__INPUT DATA__
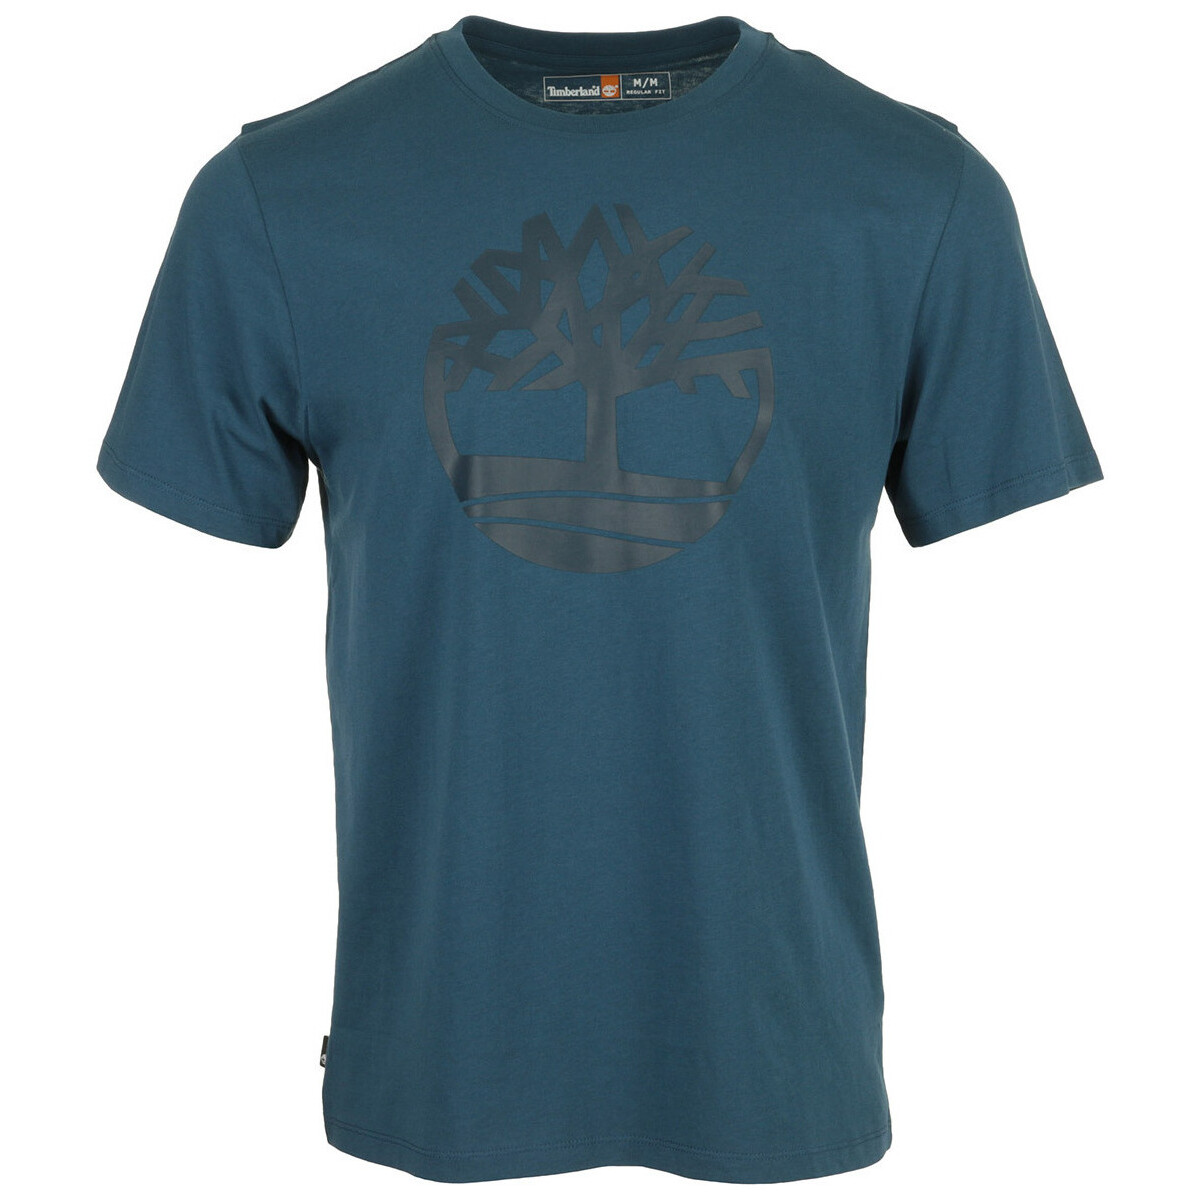 Textiel Heren T-shirts korte mouwen Timberland Tree Logo Short Sleeve Blauw
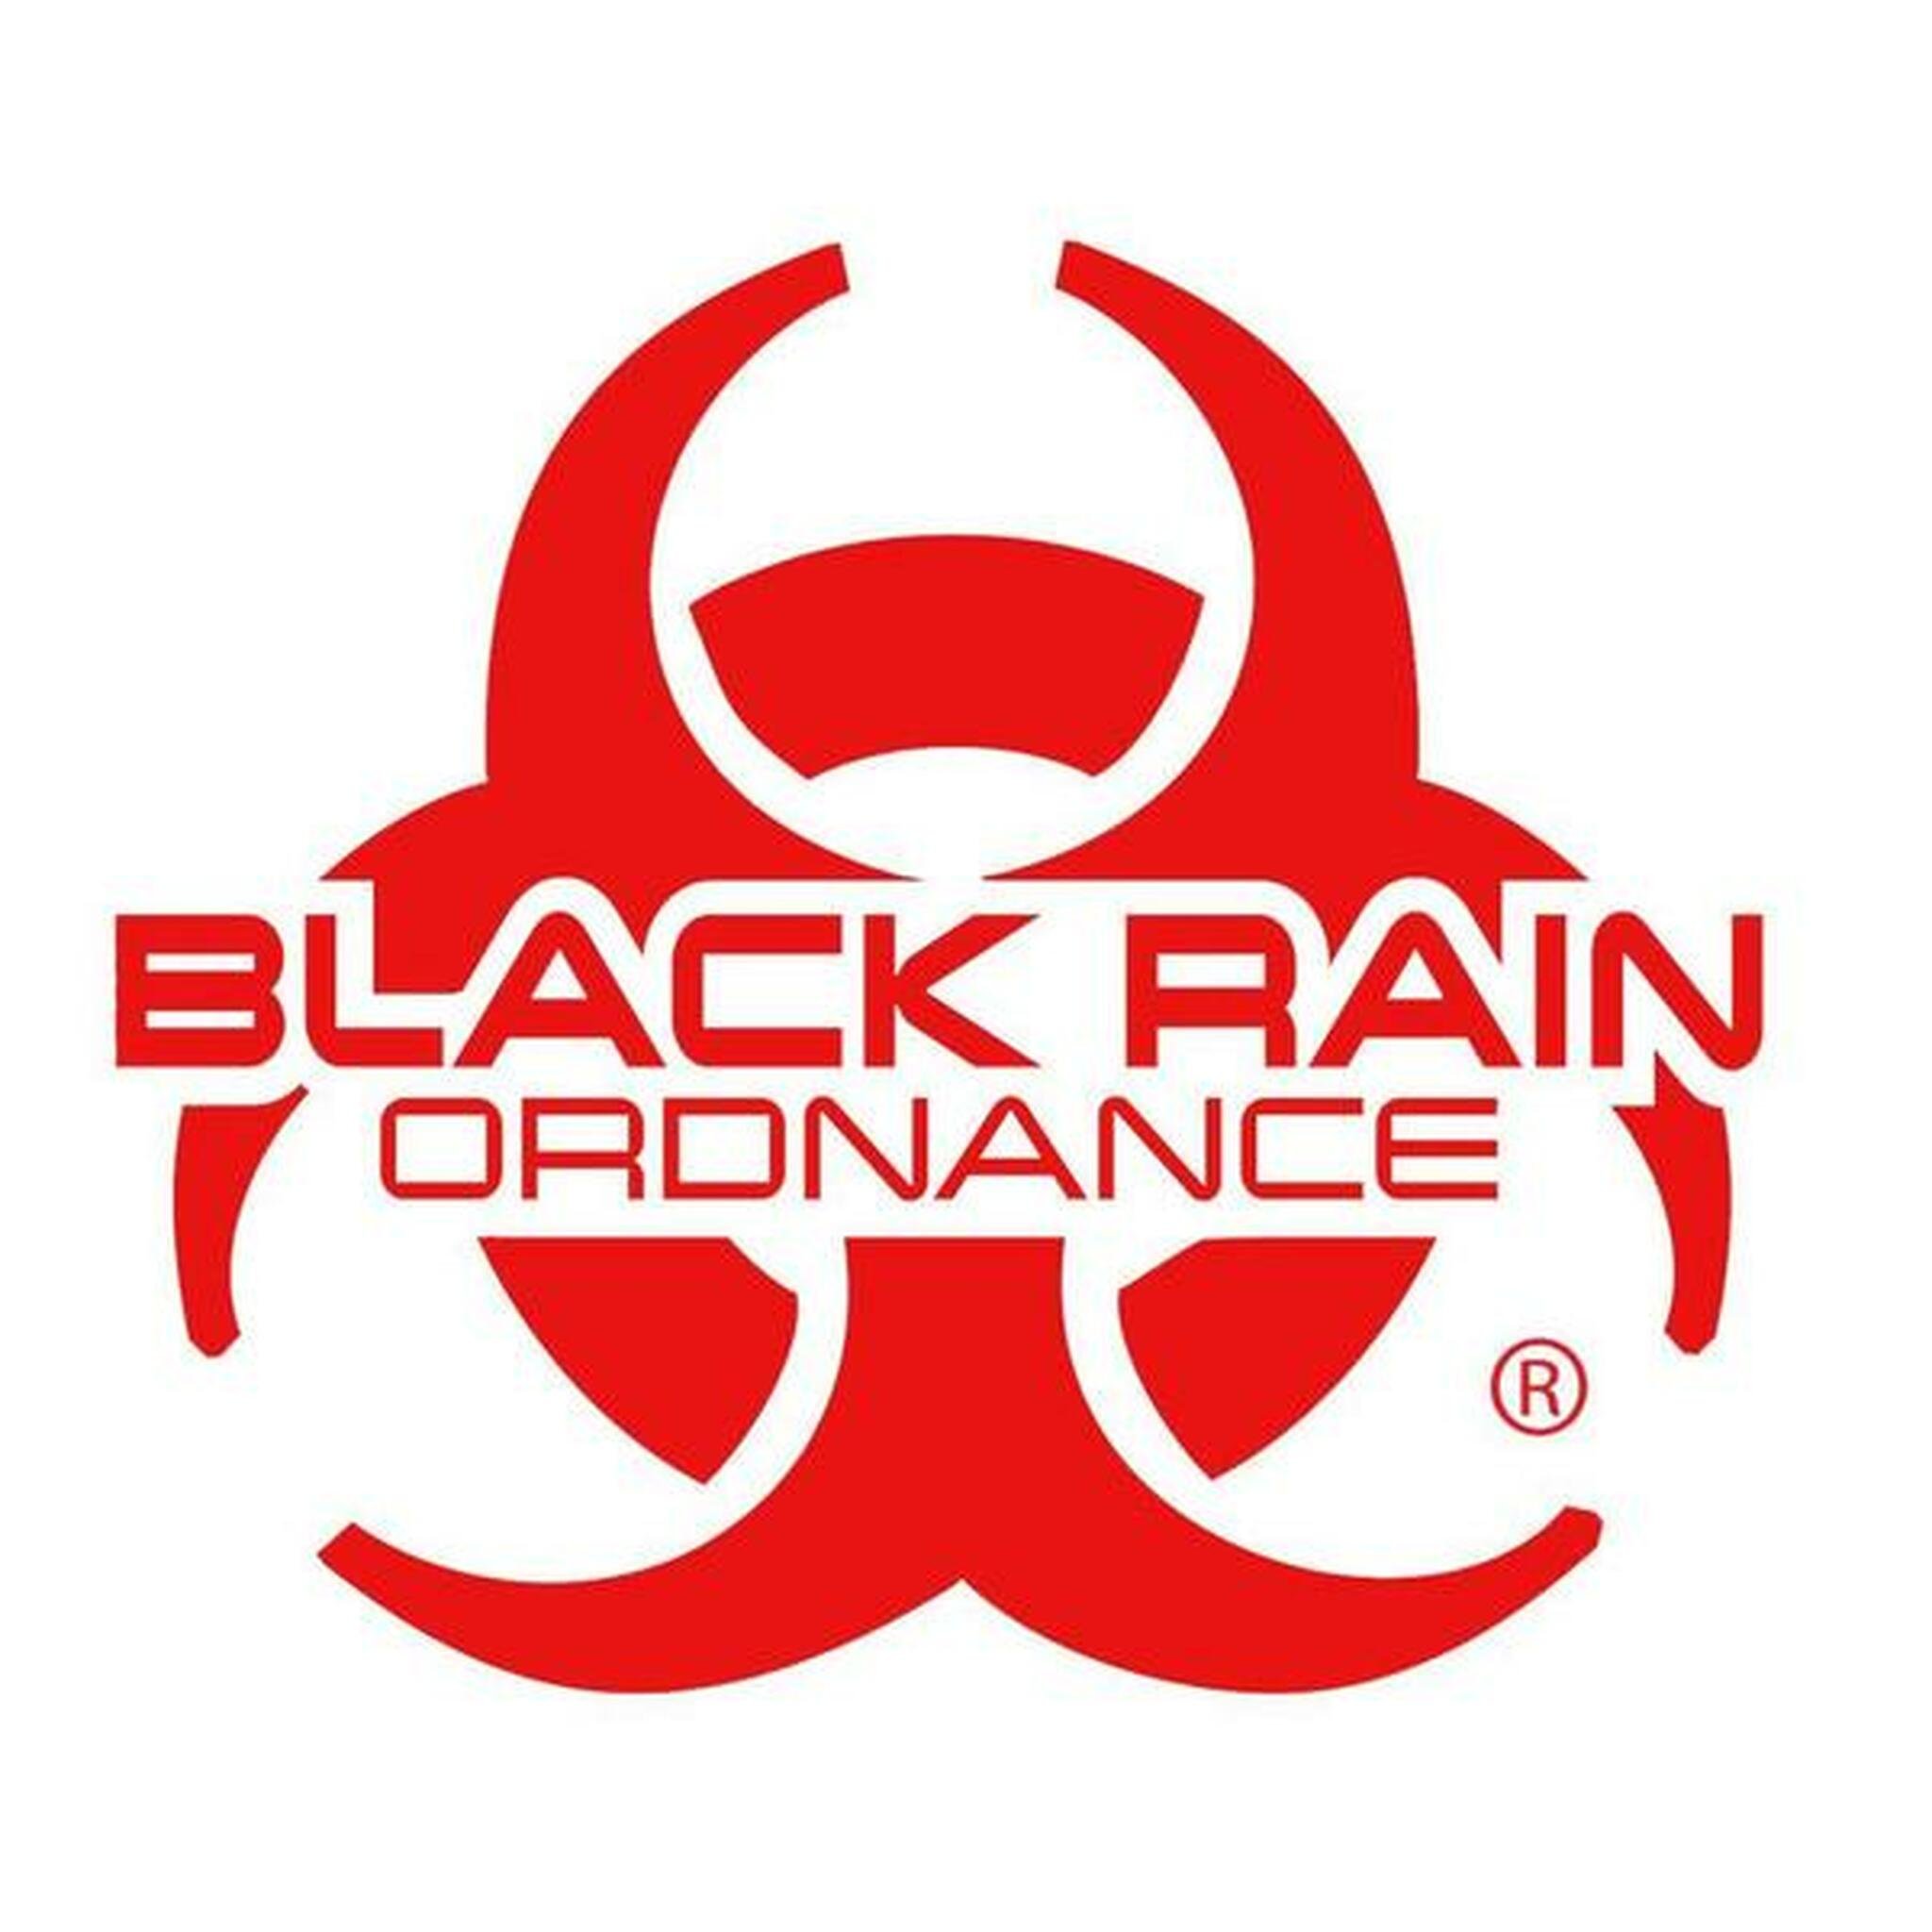 Black_Rain_Ordnance_Red_Logo__53504.1478196207.jpg
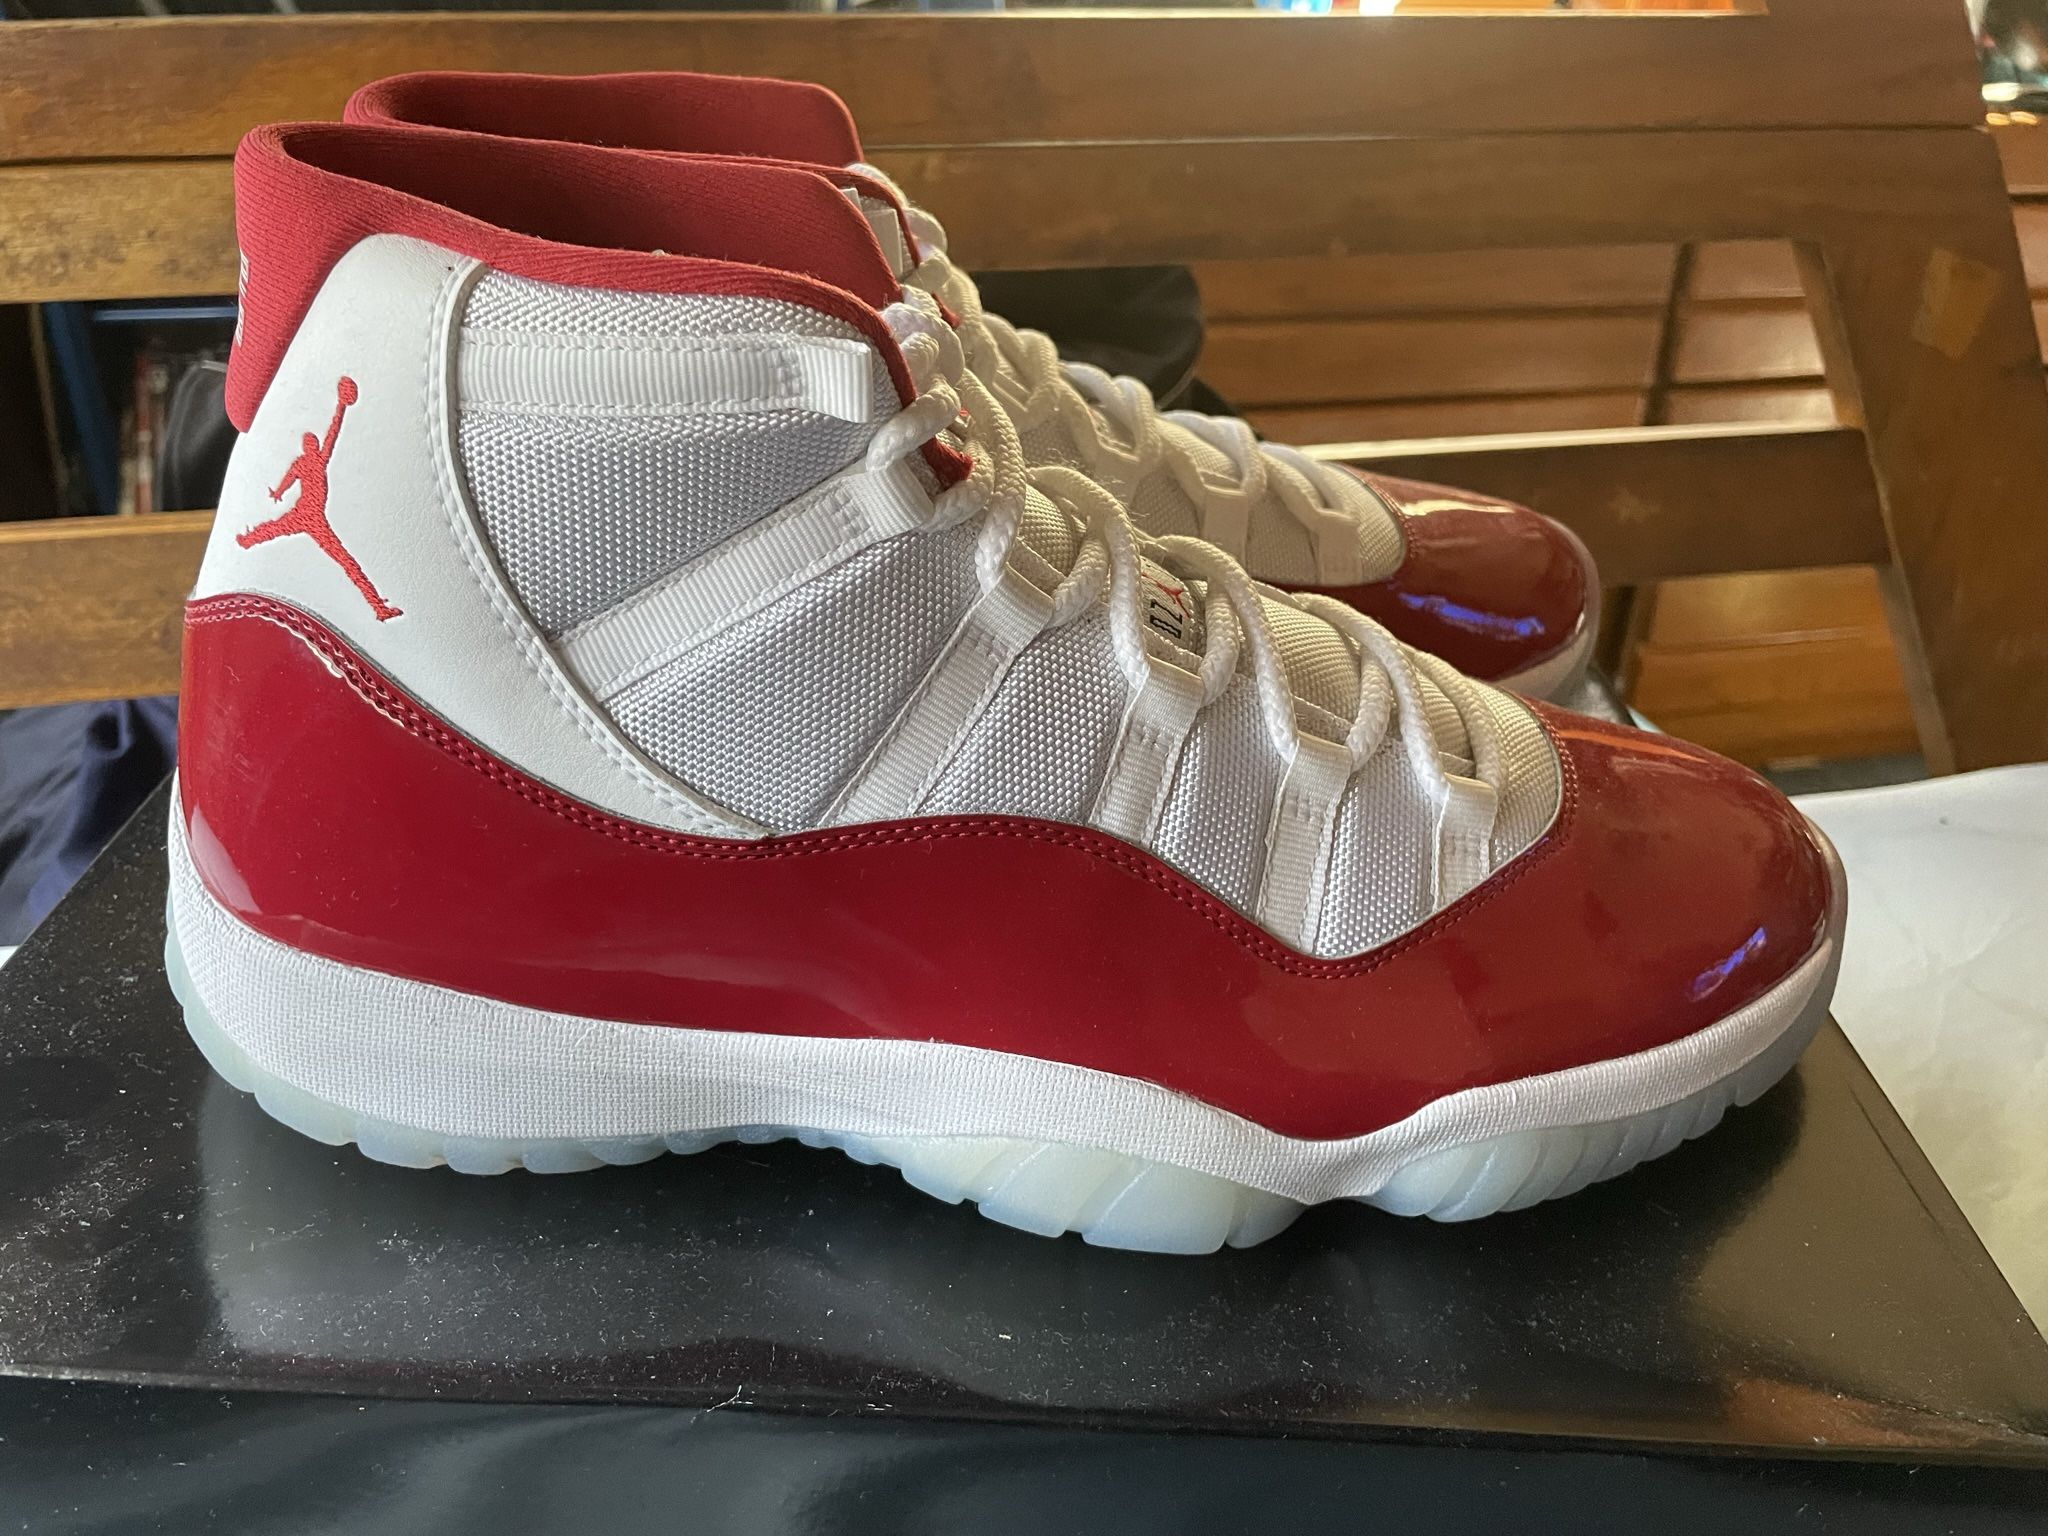 Jordan 11 Cherry Red Size 13

__WHAT YOU HAVE TO DO__
Extract, word for word, every line from the one containing "Black_Rain_Ordnance_Red_Logo__53504.1478196207.jpg" to the end of the data above, both ends included, and leave out the pictures.

__RESPONSE BELOW__
 Black_Rain_Ordnance_Red_Logo__53504.1478196207.jpg
 Jordan 11 Cherry Red Size 13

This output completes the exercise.